(Listed records):

-------------------------

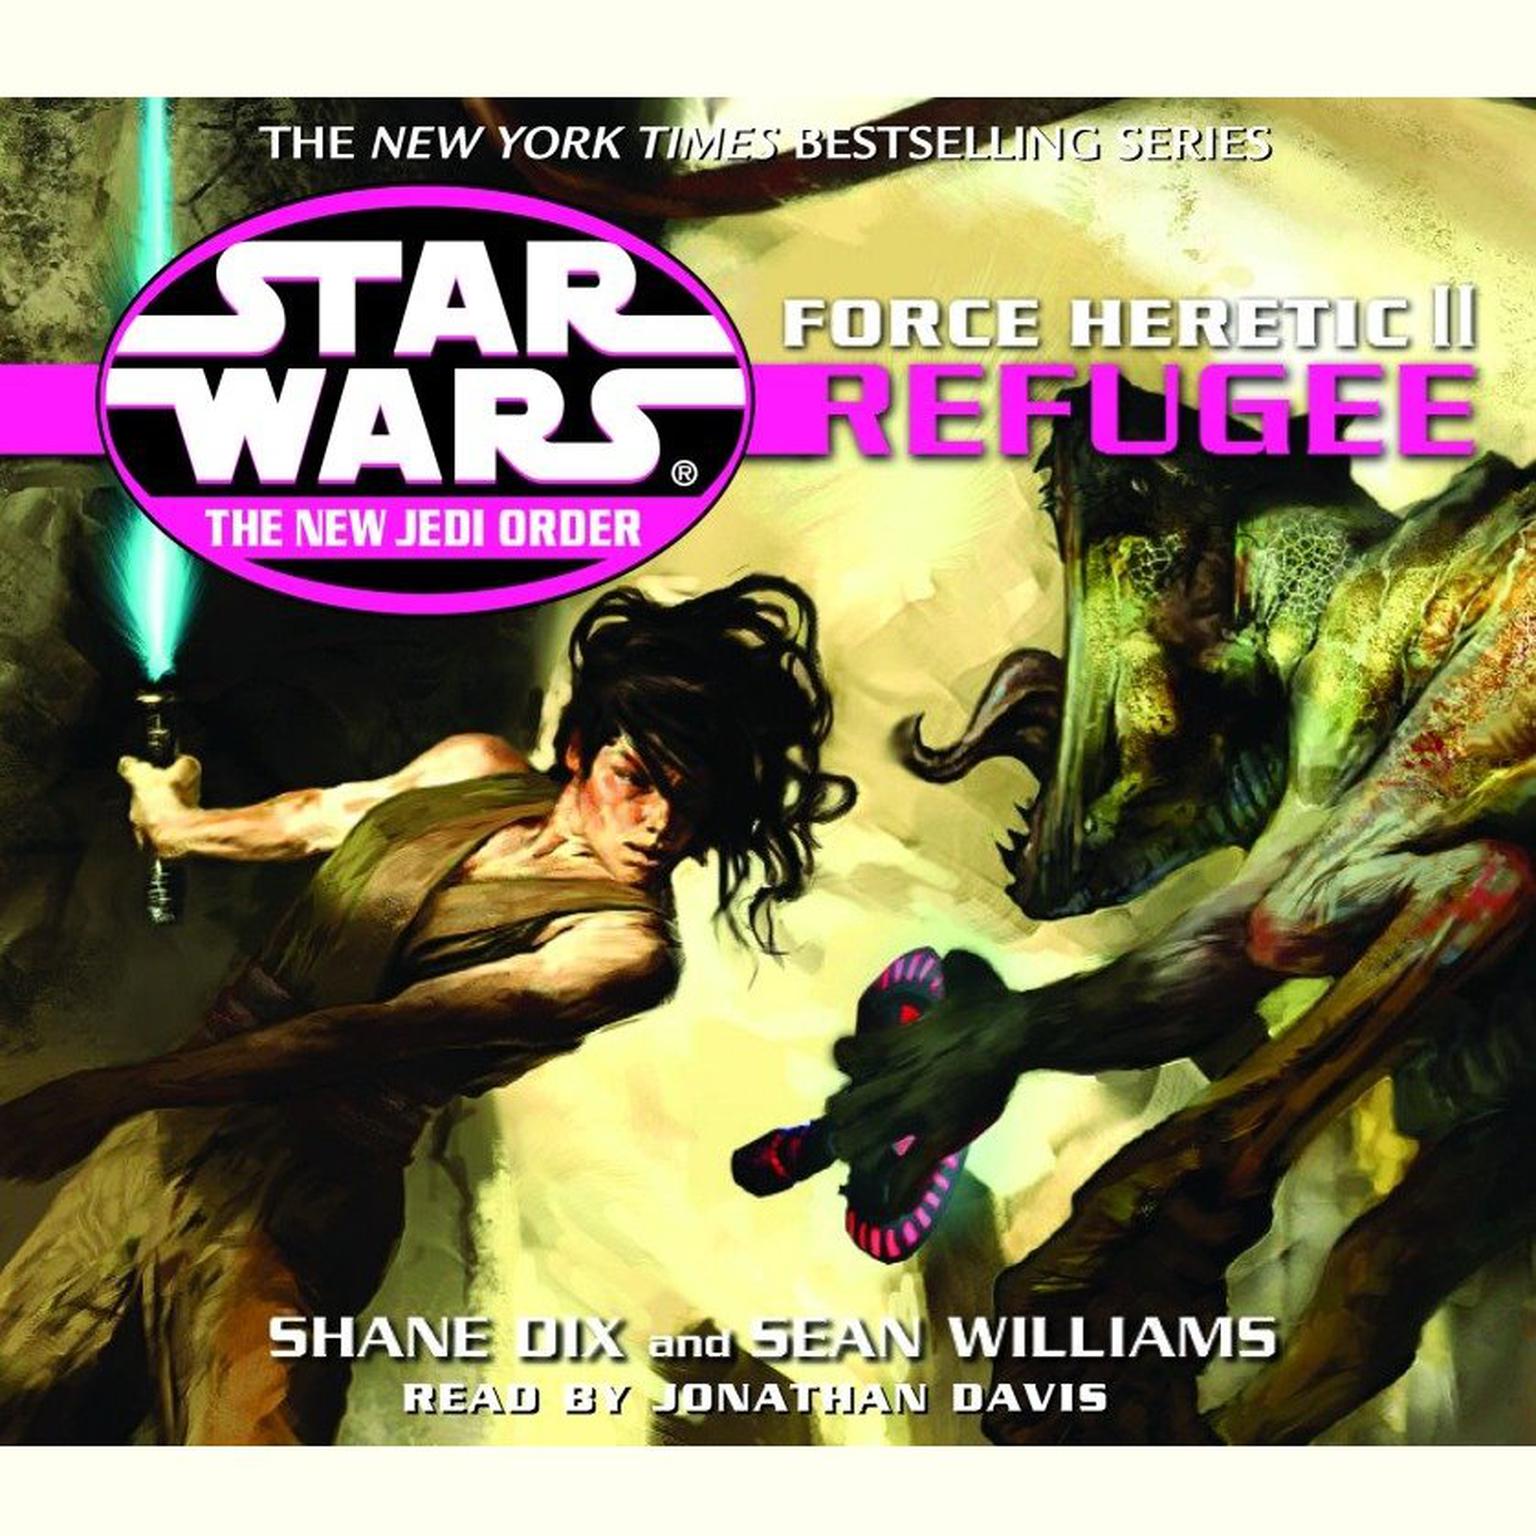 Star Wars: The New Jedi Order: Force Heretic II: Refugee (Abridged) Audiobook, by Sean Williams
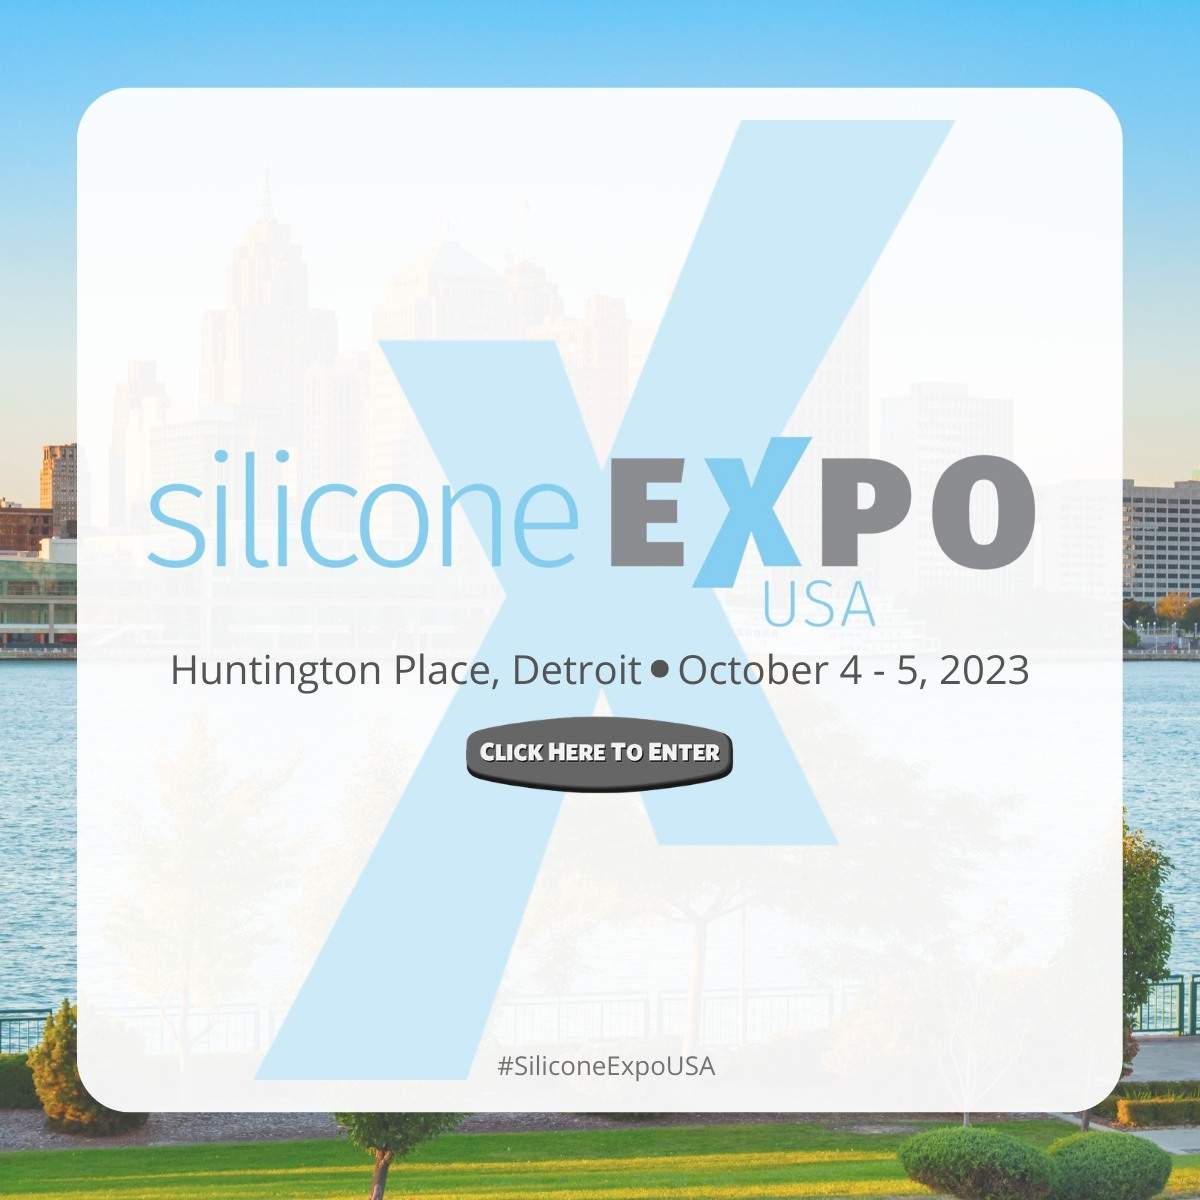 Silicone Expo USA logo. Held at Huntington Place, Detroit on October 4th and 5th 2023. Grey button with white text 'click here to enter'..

-------------------------

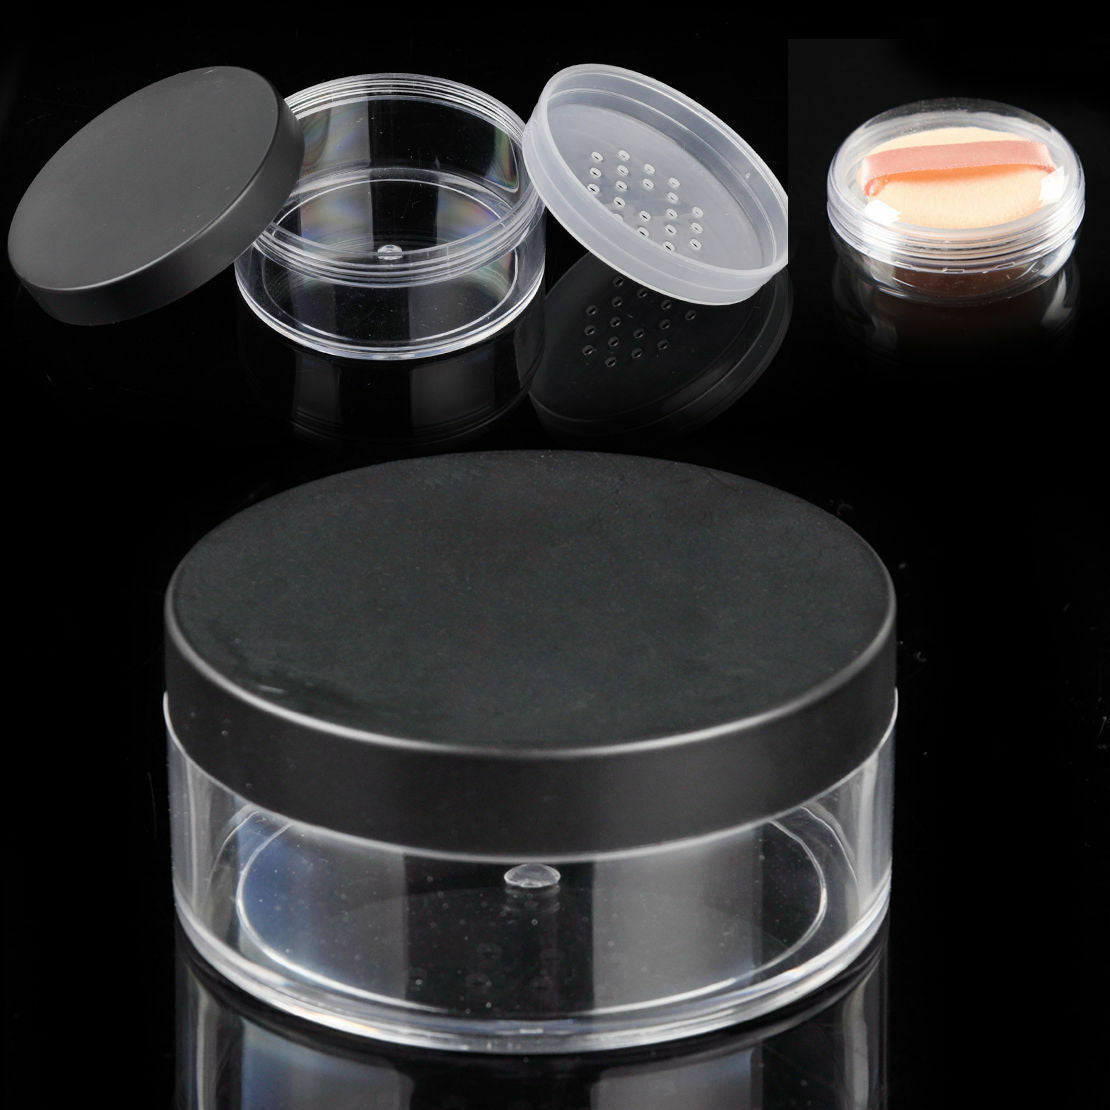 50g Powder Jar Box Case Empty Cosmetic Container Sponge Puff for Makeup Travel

-------------------------

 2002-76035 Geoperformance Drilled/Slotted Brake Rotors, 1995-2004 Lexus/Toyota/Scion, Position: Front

-------------------------

(Task details): Lines wanted from the entries above: the one with "Star Wars: The", the one with "Silicone Expo USA", and all lines between. Please copy them exactly, without the pictures and without anything else.

(Reply to the task):
 Star Wars: The New Jedi Order: Force Heretic II: Refugee (Abridged) Audiobook, by Sean Williams
 Silicone Expo USA logo. Held at Huntington Place, Detroit on October 4th and 5th 2023. Grey button with white text 'click here to enter'..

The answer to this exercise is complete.